Anche quest’anno, in riva all’Orba, a Molare, è caccia agli incivili che lasciano spazzatura e parcheggiano le macchine e ridosso del torrente. Il Comune, con il sindaco Andrea Barisone, ha ripreso l’ordinanza emanata negli anni scorsi e l’ha dettagliata maggiormente per dare alle forze dell’ordine (non molte, per la verità) qualche strumento i più per multare chi scambia il corso d’acqua per un’area per barbecue e per una discoteca. I problemi, ogni anno, sono gli stessi: rifiuti lasciati a ridosso del torrente, parcheggi selvaggi, fuochi accesi con il rischio concreto di incendi, musica a tutto volume.
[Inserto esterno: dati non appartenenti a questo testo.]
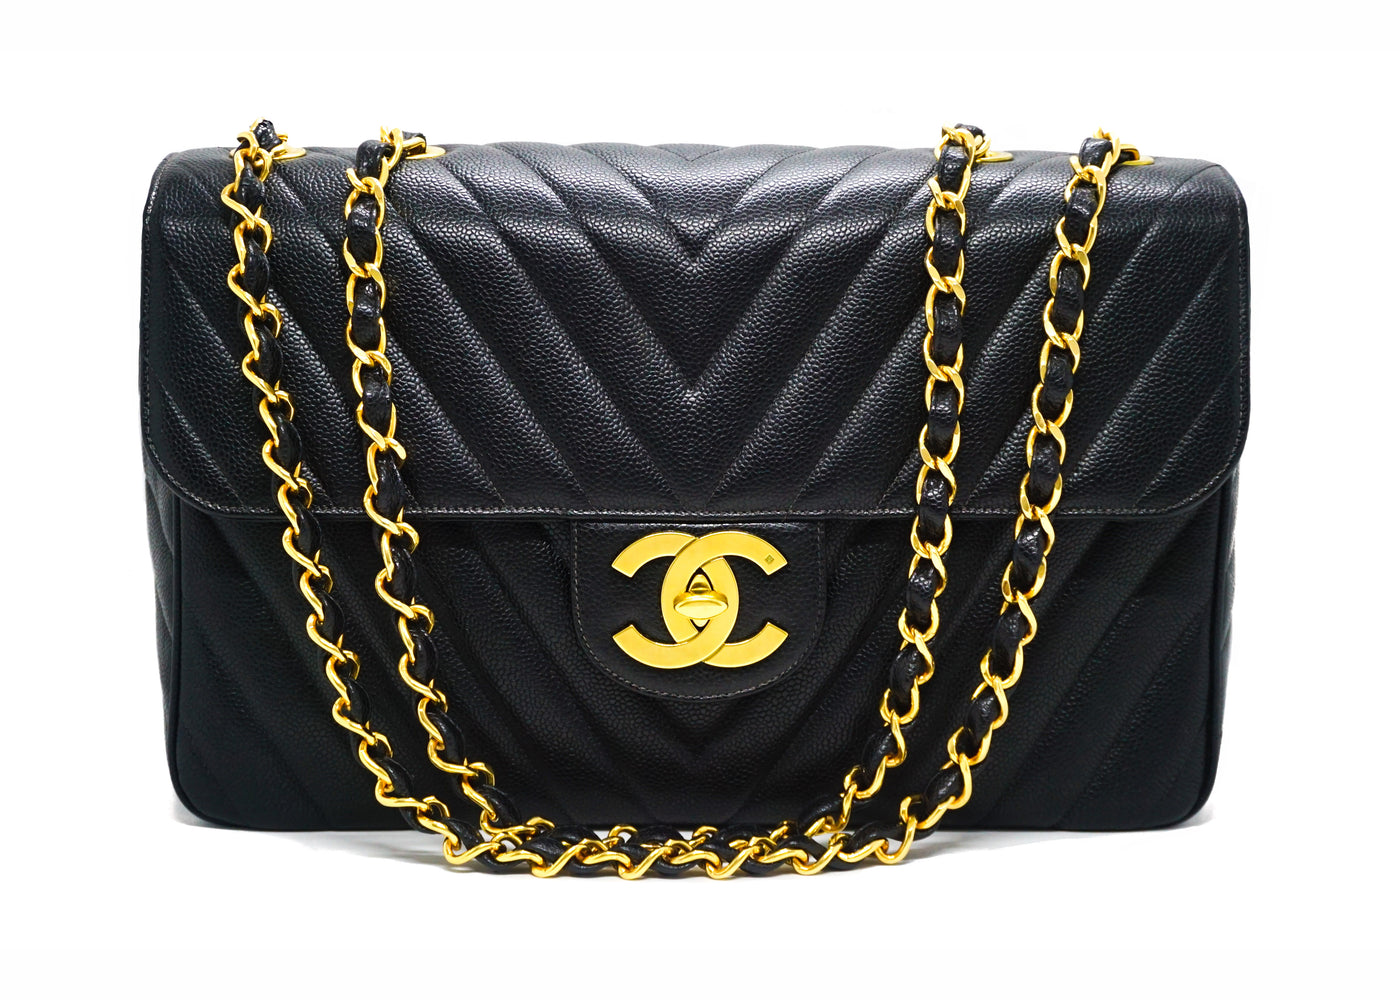 Chanel Vintage Classic Double Flap Bag Chevron Patent Medium Black

Anche l’ordinanza del 2018 ribadisce, tra l’altro, il divieto di tende e campeggi abusivi lungo l’Orba, poiché qui non esistono aree attrezzate né servizi igienici e c’è il concreto pericolo per i bagnanti di essere investiti dalle piene improvvise dell’Orba in caso di temporali.

Andrea Barisione

Sono previste, come si diceva, regole più restrittive: per esempio stop all’utilizzo di bottiglie di vetro, di contenitori in ceramica, porcellana e simili, oltre che di gazebo, non solo delle classiche tende. Un ulteriore tentativo di arginare comportamenti sbagliati ma gli effetti delle ordinanze, come dice Barisone, non sono stati poi così efficaci, anche perché mancano carabinieri e altre forze dell’ordine in grado di controllare i 15 km di torrente che scorrono nel territorio comunale. Segnali in parte positivi dalla sistemazione, lo scorso anno, dei bidoni per i rifiuti da parte della Econet e dagli ulteriori cartelli che vietano l’accensione di fuochi.